You may need to go the route of a glaze and just leave it at that because you may be doing more damage than good.



Anthony
 
Thanx Anthony,



i definately got a Clear coat. i didn't know that they don't oxidize, That eliminates my whole Oxidation theory. Well, I don't know what to do, I guess i'll never find out why it's lacking the depth after P085RD, RMG, and PB's EX. or maybe *one day* I will. i guess i'll just have to live with it. Thanx again, :wavey
 
Does Optimum only make one type of polish in thier brand or are there different abrasive level polishes by Optimum?



IS the Optimum car Polish equivalent of SSR1 ( i.e. as a finishing polish)??

Thanx.
 
mystickid said:
Does Optimum only make one type of polish in thier brand or are there different abrasive level polishes by Optimum?

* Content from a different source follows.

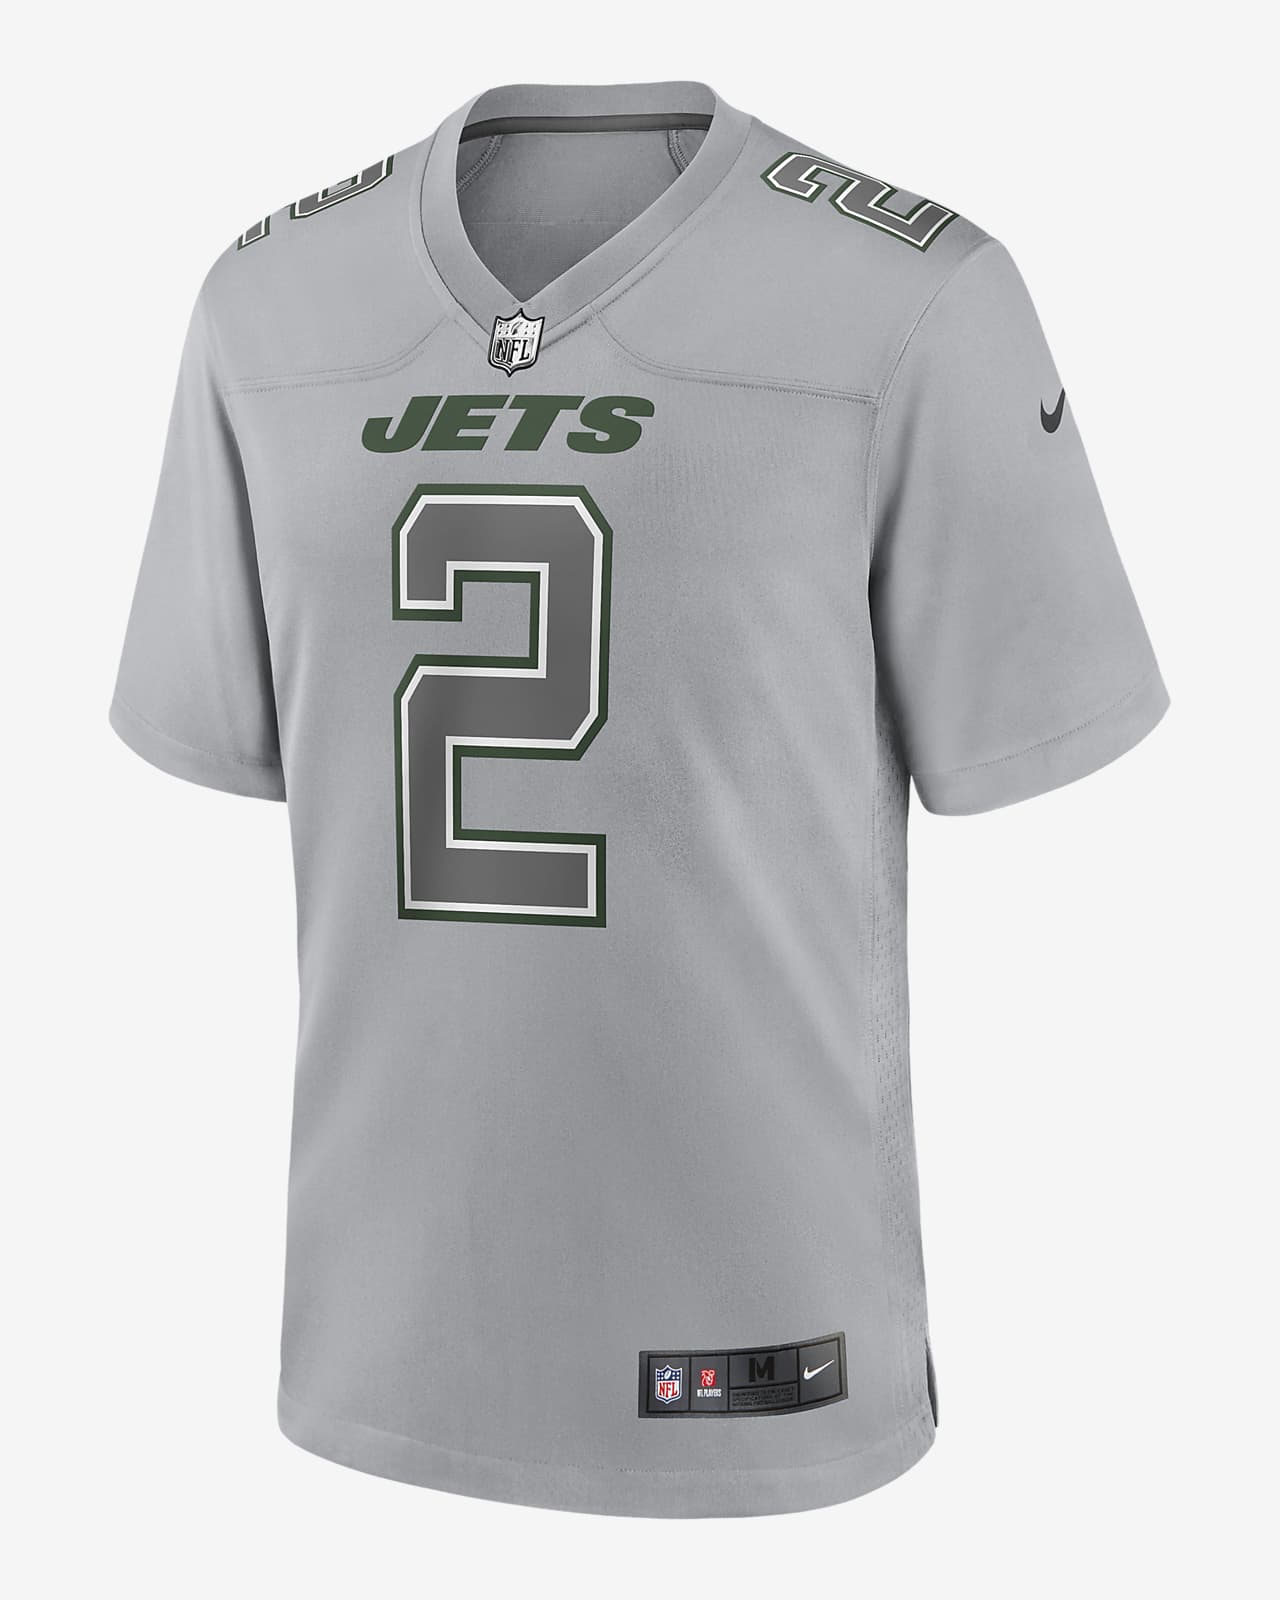 monstruo Tigre Medicinal Jersey de fútbol americano a la moda para hombre New York Jets Atmosphere  de la NFL (Zach Wilson). Nike.com

IS the Optimum car Polish equivalent of SSR1 ( i.e. as a finishing polish)??

Thanx.



Optimum makes the Optimum Polish which will level 1500 grit sanding marks and also it can be used to remove swirls and then also you can finish out your polishing with it. It will finish the paint out almost as nicely as FPII.



At the end of the month Optimum will release its "Compound" which will remove 1200 grit sanding marks and finish out as nice as IP. On a silver car you can probably go right to your sealer after the Compound.